É a comunidade que dá testemunho: “os apóstolos davam testemunho da ressurreição de Jesus com grande poder”. E os gestos dos apóstolos infundiam em todos quantos os testemunhavam a inegável certeza da presença de Deus e dos seus dinamismos de salvação. E esse testemunho apostólico da Ressurreição contagiava todos os crentes, que se consideravam santos, filhos da ressurreição, irmãos de Jesus e irmãos entre si. Os que têm a honra do altar saem desta massa.     

A primitiva comunidade cristã é verdadeiramente uma comunidade de homens e mulheres novos, que dá testemunho da salvação e que anuncia a vida plena. A fé dos discípulos, a sua união e, sobretudo, a ilógica e absurda partilha dos bens eram a prova provada de que Jesus Cristo está vivo e a atuar no mundo, oferecendo aos homens um mundo novo. Os habitantes de Jerusalém não viam Cristo ressuscitado, mas podiam ver a espantosa transformação operada no coração dos discípulos, capazes de superar o egoísmo, o orgulho e a autossuficiência e de viver no amor, na partilha, no dom. Na verdade, viver de acordo com os valores de Jesus é a melhor forma de anunciar e de testemunhar que Ele está vivo.

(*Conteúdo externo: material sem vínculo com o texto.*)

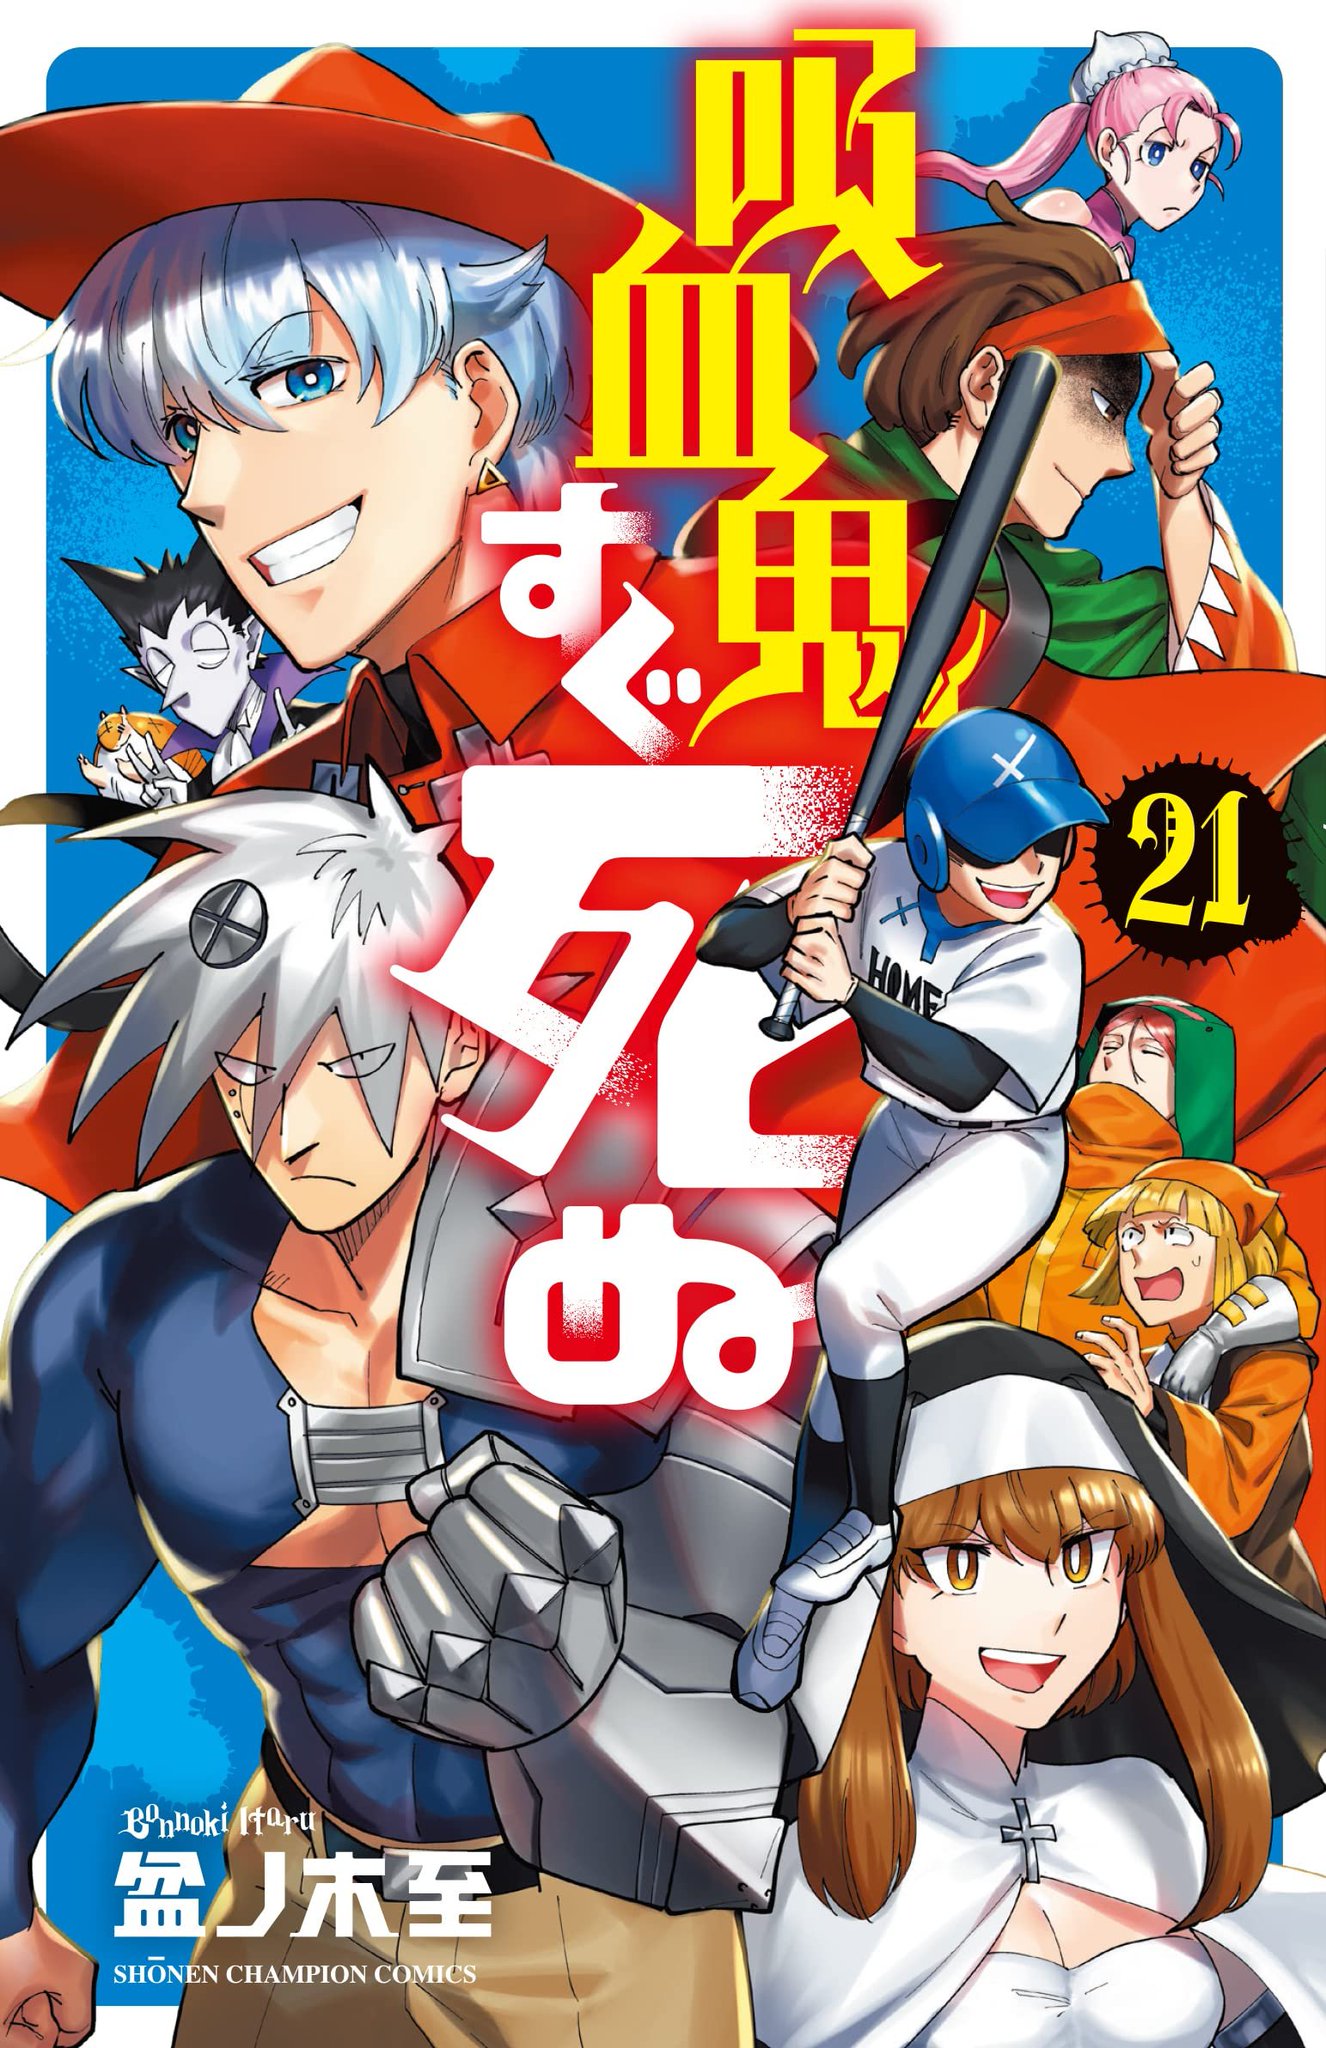 Manga Mogura RE on X: Kyuuketsuki sugu shinu (The Vampire dies in no  time) by Itaru Bonnoki is getting a Stage Play Adaption in June, 2023.   / X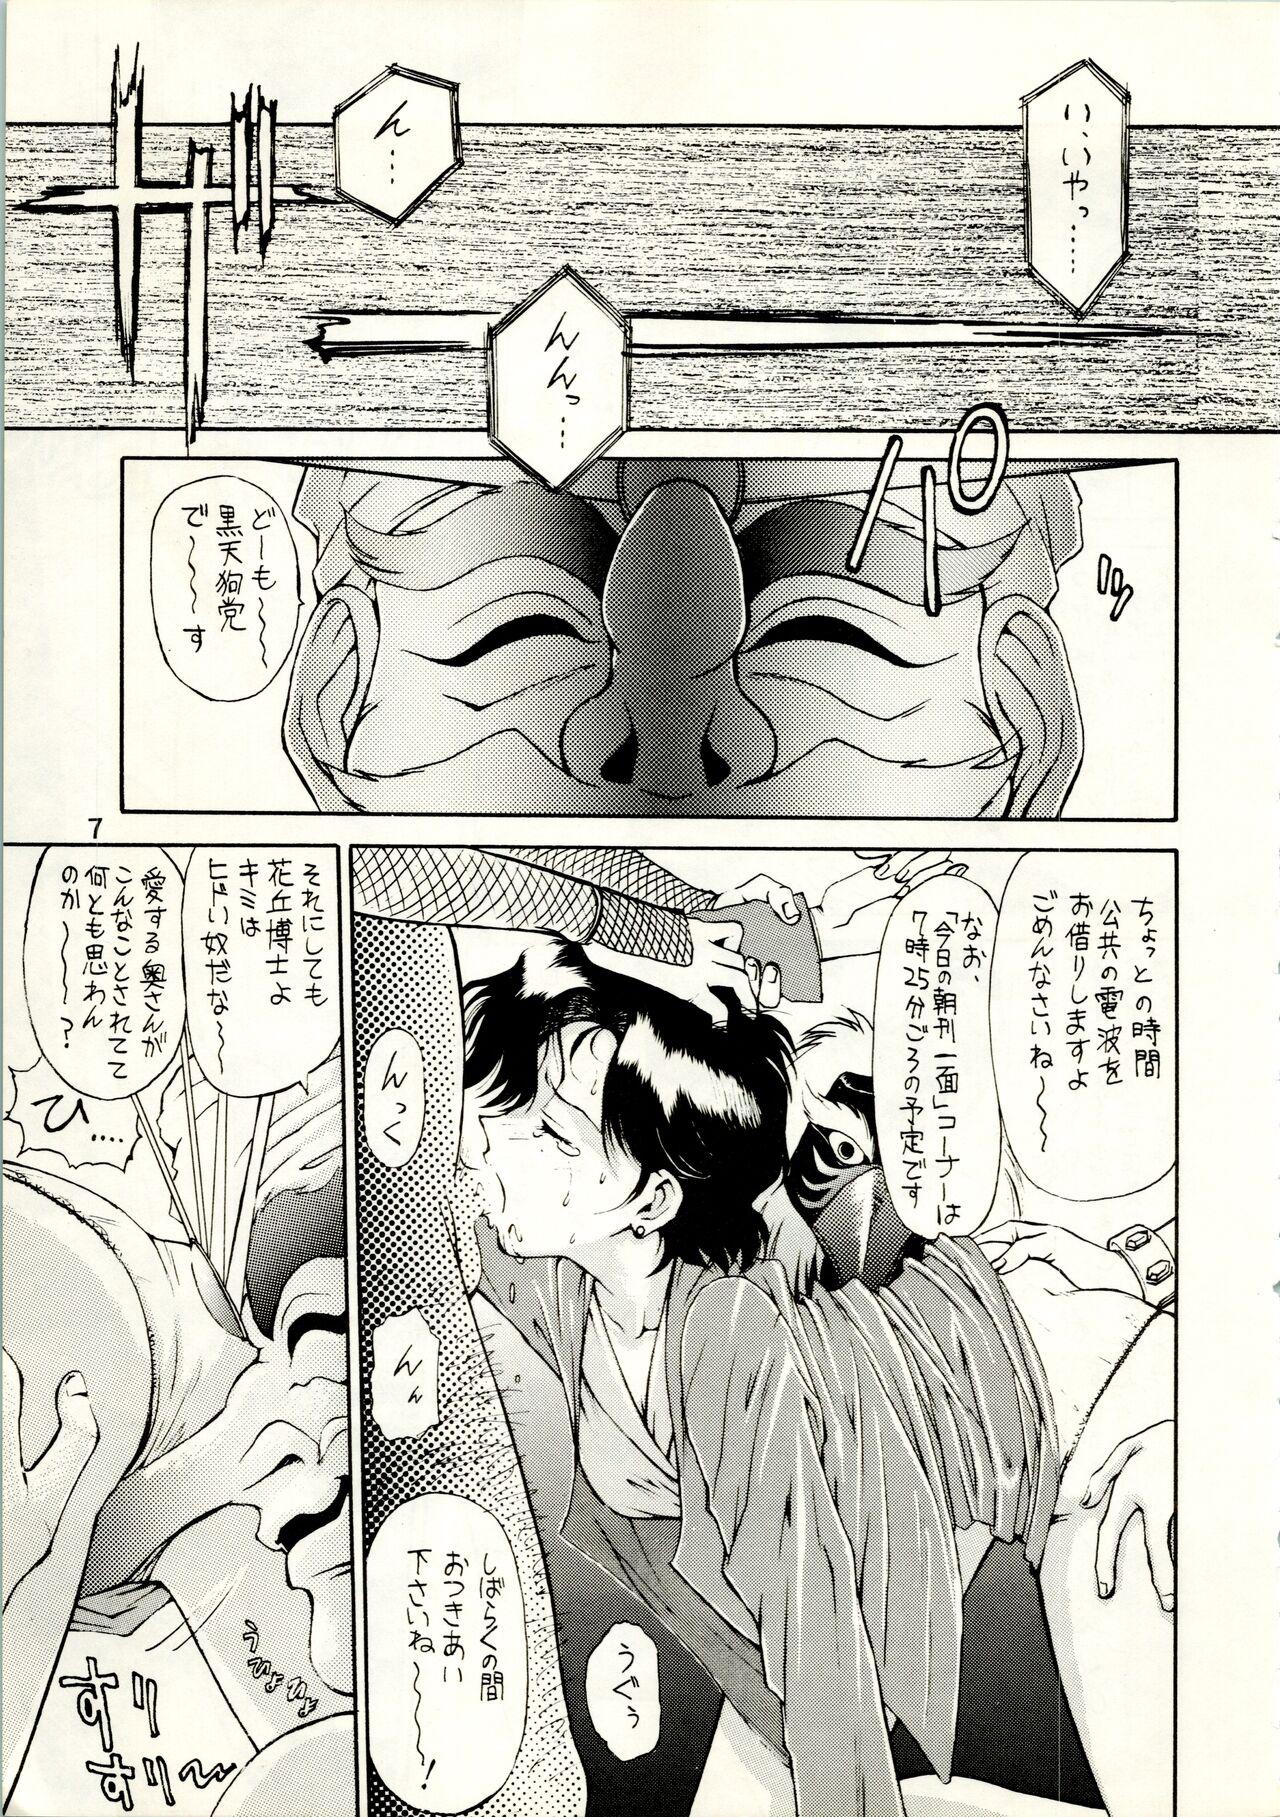 Bulge POTATO MASHER 8 - Tobe isami | soar high isami Underwear - Page 7

Todavia, não nos iludamos. A comunidade cristã de Jerusalém não era, de facto, a comunidade ideal. Outros textos dos Atos dos Apóstolos falam de tensões e problemas – como sucede com qualquer comunidade humana –, mas a descrição de Lucas aponta para a meta a que toda a comunidade cristã aspira, confiada na força do Espírito. A partir de Jerusalém, faz-se a descrição prospética da comunidade ideal, que sirva de modelo à Igreja em todas as épocas.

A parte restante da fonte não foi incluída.